* [SUPPLIED INFORMATION]
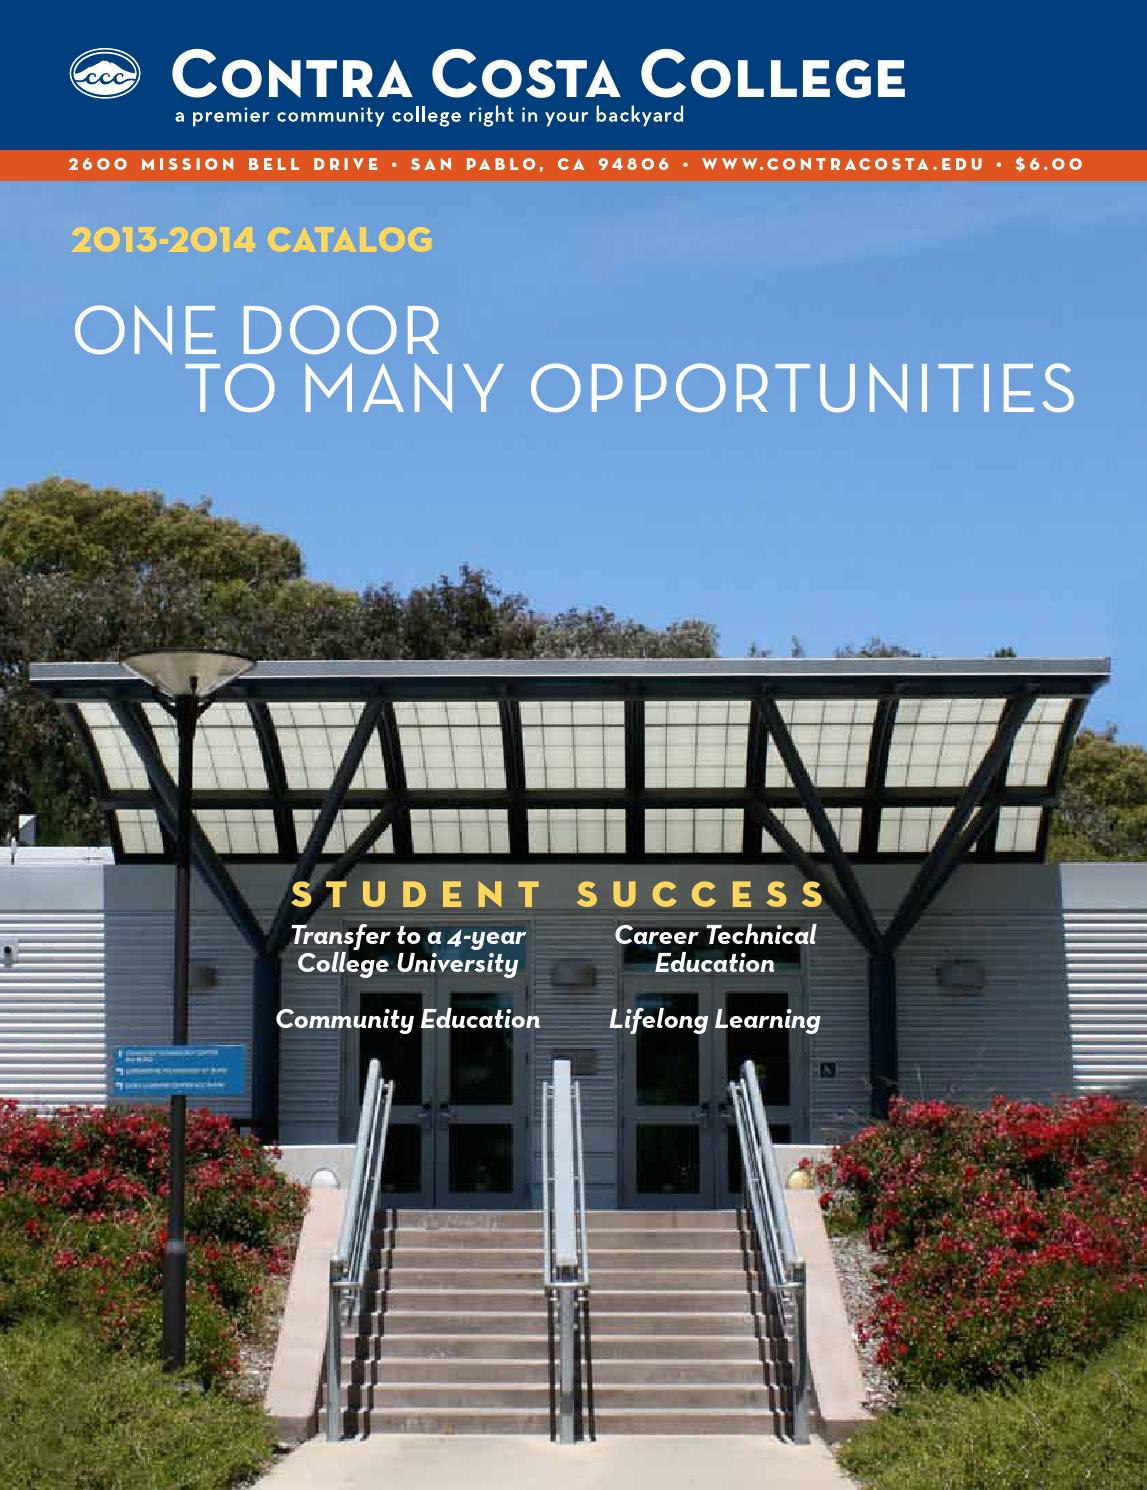 Contra Costa College Catalog 2013-2014 by Contra Costa College - issuu
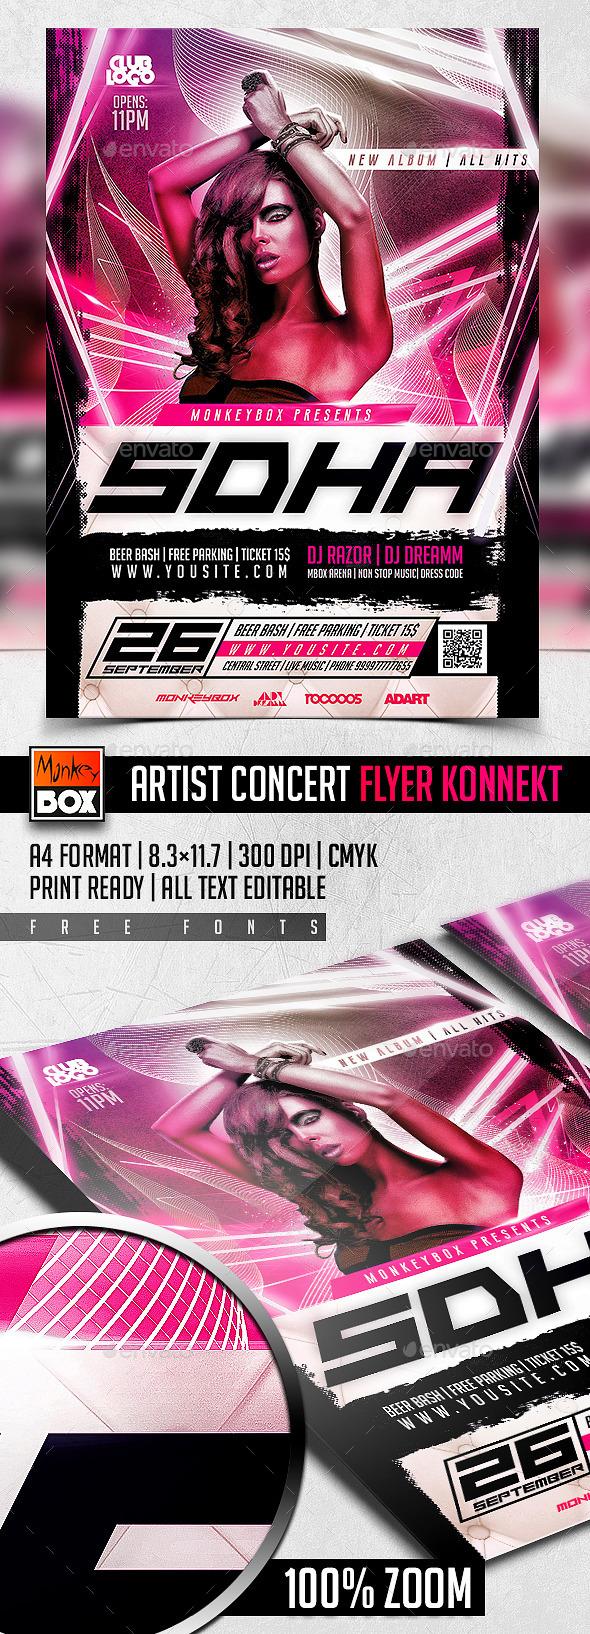 Artist Concert Flyer Konnekt - Flyers Print Templates
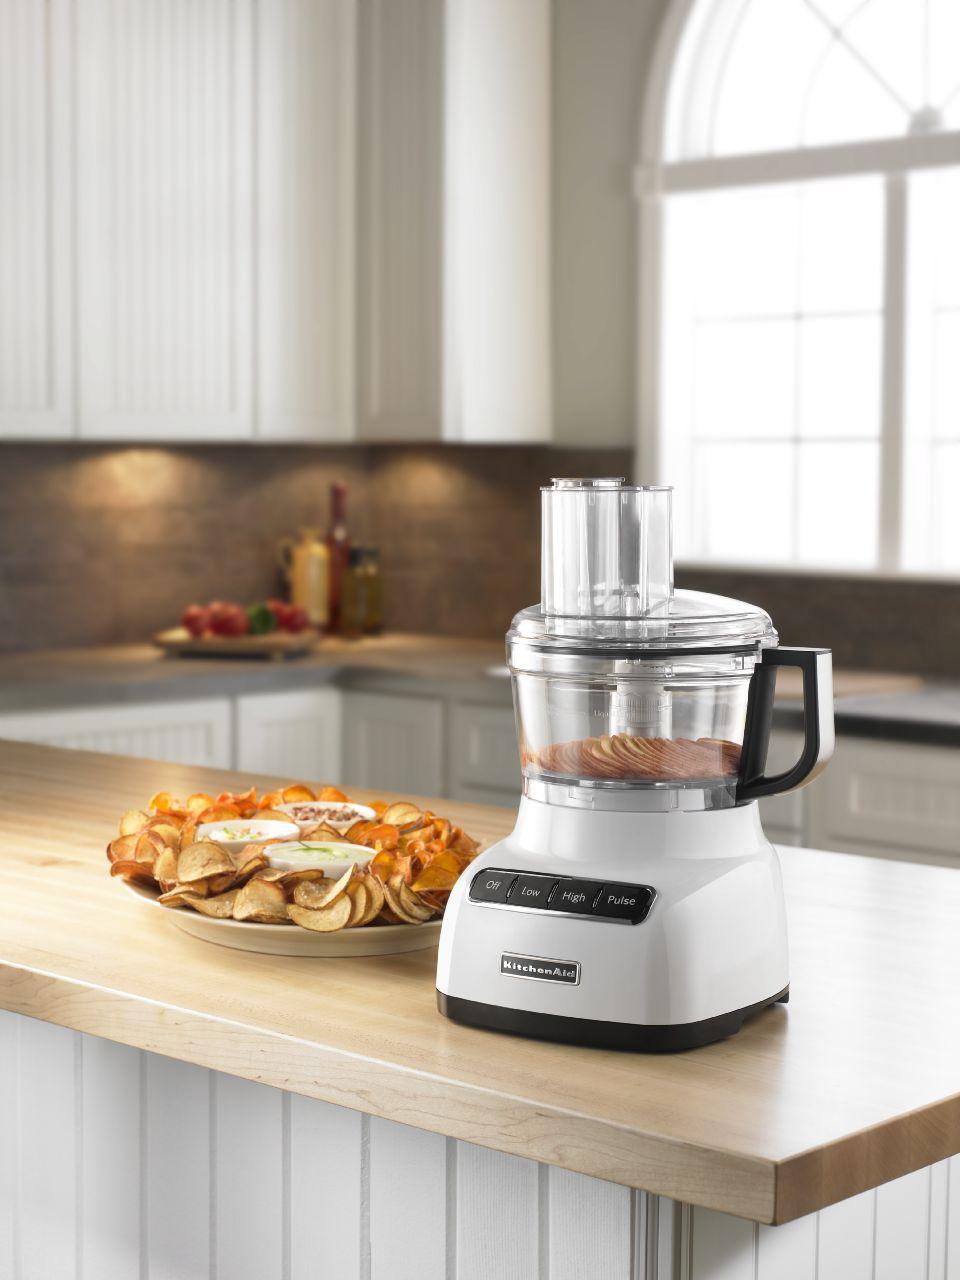 KitchenAid-7-Cup-Food-Processor thumbnail 16

* [WORK TO BE COMPLETED]
A verbatim copy of the material, pictures excluded, is what must be produced.

* [FINISHED EXERCISE]
 Contra Costa College Catalog 2013-2014 by Contra Costa College - issuu
 Artist Concert Flyer Konnekt - Flyers Print Templates
 KitchenAid-7-Cup-Food-Processor thumbnail 16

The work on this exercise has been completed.